Il piano B di Alfano: Marcegaglia candidata premier. Le donne Pdl pensano alla scissione

Le diverse anime azzurre guardano al futuro. Decisive le elezioni in Sicilia. Anche i sostenitori di Monti guardano all'Udc, ma non vogliono la Lega
Emma Mercegaglia

Emma Mercegaglia

Nel Pdl in ebollizione per le dichiarazioni di Daniela Santanchè, che vuole dimissioni in massa del blocco dirigente, fioriscono i cosiddetti "piani B". Per ora Alfano ha respinto l'attacco della pasdaran Daniela, dichiarando che tra gli azzurri non c'è spazio per gli "sfascisti". Ma l'ex Guardasigilli guarda al futuro. Fonti vicine al partito spiegano che navigherà a vista fino ai risultati delle prossime elezioni in Sicilia: se il risultato dovesse essere positivo (stravolgendo dunque le previsioni dei pessimi sondaggi), Alfano potrebbe fare un passo avanti, rilanciando il Pdl e non lasciando che il partito finisca alla deriva. Da un lato, insomma, l'ex ministro della Giustizia lavora per rafforzare la sua leadership. Ma dall'altro, Angelino si prepara a una possibile disfatta elettorale nell'isola. In questo caso l'obiettivo sarebbe affrancarsi da Silvio Berlusconi (significativo il suo silenzio dopo le dichiarazioni della Santanchè) e costruire un'area moderata con Casini (e magari parte del Pd) che indicherebbe Emma Marcegaglia, e non il Cavaliere, come candidata premier. Dall'Udc sarebbero arrivati segnali di apertura a patto che Berlusconi faccia altri passi indietro. Il Pdl, da par suo, chiede che Gianfranco Fini non faccia parte del progetto. A tessere le trame è la stessa Marcegaglia, il ponte tra i due partiti.

 

La scissione delle donne - Vi è poi un'altra anima del partito, quella che fa riferimento alla personalità più esposta, la Santanchè appunto. Diverse fonti confermano l'intenzione di alcune deputate di costitire un gruppo autonomo: tra queste, Daniela e Michaela Biancofiore. Non a casa - non è solo solidarietà femminile - la Biancofiore ha dichiarato: ""LaSantanchè magari lasciando fare al giornalista qualche nome di troppo che non ha avuto responsabilità di partito, ha espresso un disagio diffuso nel Pdl, nell’intero centro destra e soprattutto tra i nostri elettori che diminuiscono di giorno in giorno perché si fidano solo di Silvio Berlusconi. Alfano dovrebbe ringraziarla, come dovrebbe ringraziare me e pochi altri che hanno il coraggio di dirgli cosa pensano e non di ridacchiare alle sue spalle in Transatlantico o tra gli scranni. E’ delle persone dirette che ci si deve fidare, mai degli adulatori che in genere sono animati solo dal tornaconto personale". Una difesa a spada tratta, quella della Biancofiore, che sposa in toto le posizioni "belligeranti" della Santanchè.

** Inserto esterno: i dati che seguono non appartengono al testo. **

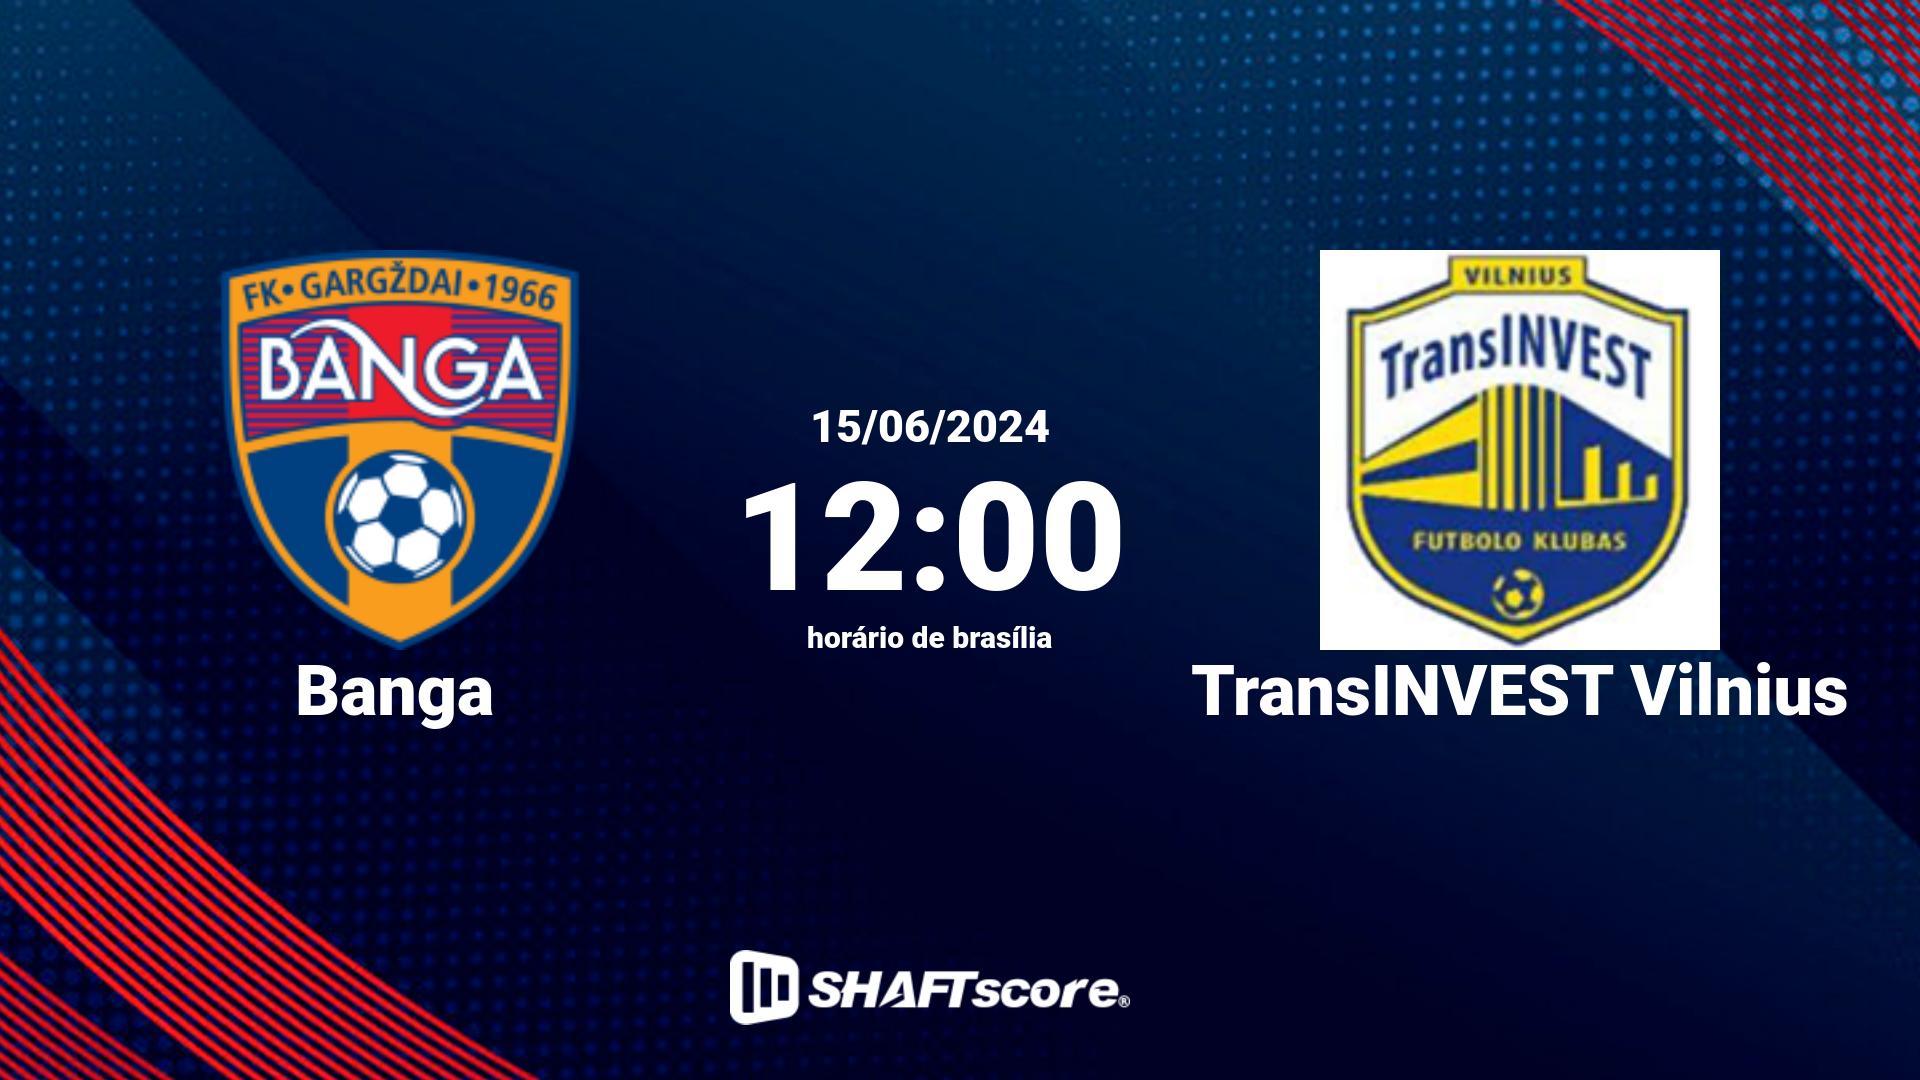 Estatísticas do jogo Banga vs TransINVEST Vilnius 15.06 12:00

Biancofiore all'attacco - Secondo la Biancofiore, ora Alfano "deve cavalcare un radicale rinnovamento, non farsi mettere nell’angolo da coloro che hanno paura di perdere le loro posizioni di responsabilità ricoprendo le quali hanno impedito ad altri di crescere e far emergere la linea di Berlusconi, tradizionalmente vincente". Anche perché da tempo alcuni "notabili" del partito, "quelli che lo hanno portato dal 40% al 15", conclude la pasionaria del Pdl, "che in qualsiasi azienda sarebbero stati licenziati all’istante, aizzano Alfano contro la parte sana del Pdl, quella più autenticamente berlusconiana. Cioè portatrice di consenso, rivoluzionaria ed in empatia con la gente. E sono mesi che chiedo ad Alfano, tramite media, di non lasciarsi trascinare al fondo e di continuare ad avere fiducia nell’unico al quale deve la sua fulminante carriera : Silvio Berlusconi".

I montiani e Formigoni - Infine si muove la terza anima del partito, quella dei cosiddetti "montiani", sostenitori dell'agenda del governo tecnico. Gli esponenti della corrente azzurra si incontreranno all'inizio della prossima settimana. Sul piatto una decisione importante da prendere: lasciare, oppure no, il Pdl? La tentazione sarebbe forte, e sarebbe condivisa anche da molti senatori e da altre 'colombe' che cercano un'intesa con l'Udc. La condizione dei montiani è precisa: "Evitiamo la solita rincorsa alla Lega Nord". E questo tipo di ragionamento lo farà anche Roberto Formigoni, in posizione di netto contrasto con il Carroccio dopo l'evoluzione degli scandali in Lombardia. Il governatore è giunto a Roma per chiedere garanzie ad Alfano; altrimenti è pronto a fare una propria lista. Secondo quanto si è appreso, il segretario degli azzurri sarebbe intenzionato a proporre a Formigoni un ruolo di primo piano a Roma. A rendere ancora più intricato il quadro, però, la volontà di Alfano di salvaguardare l'alleanza con la Lega Nord.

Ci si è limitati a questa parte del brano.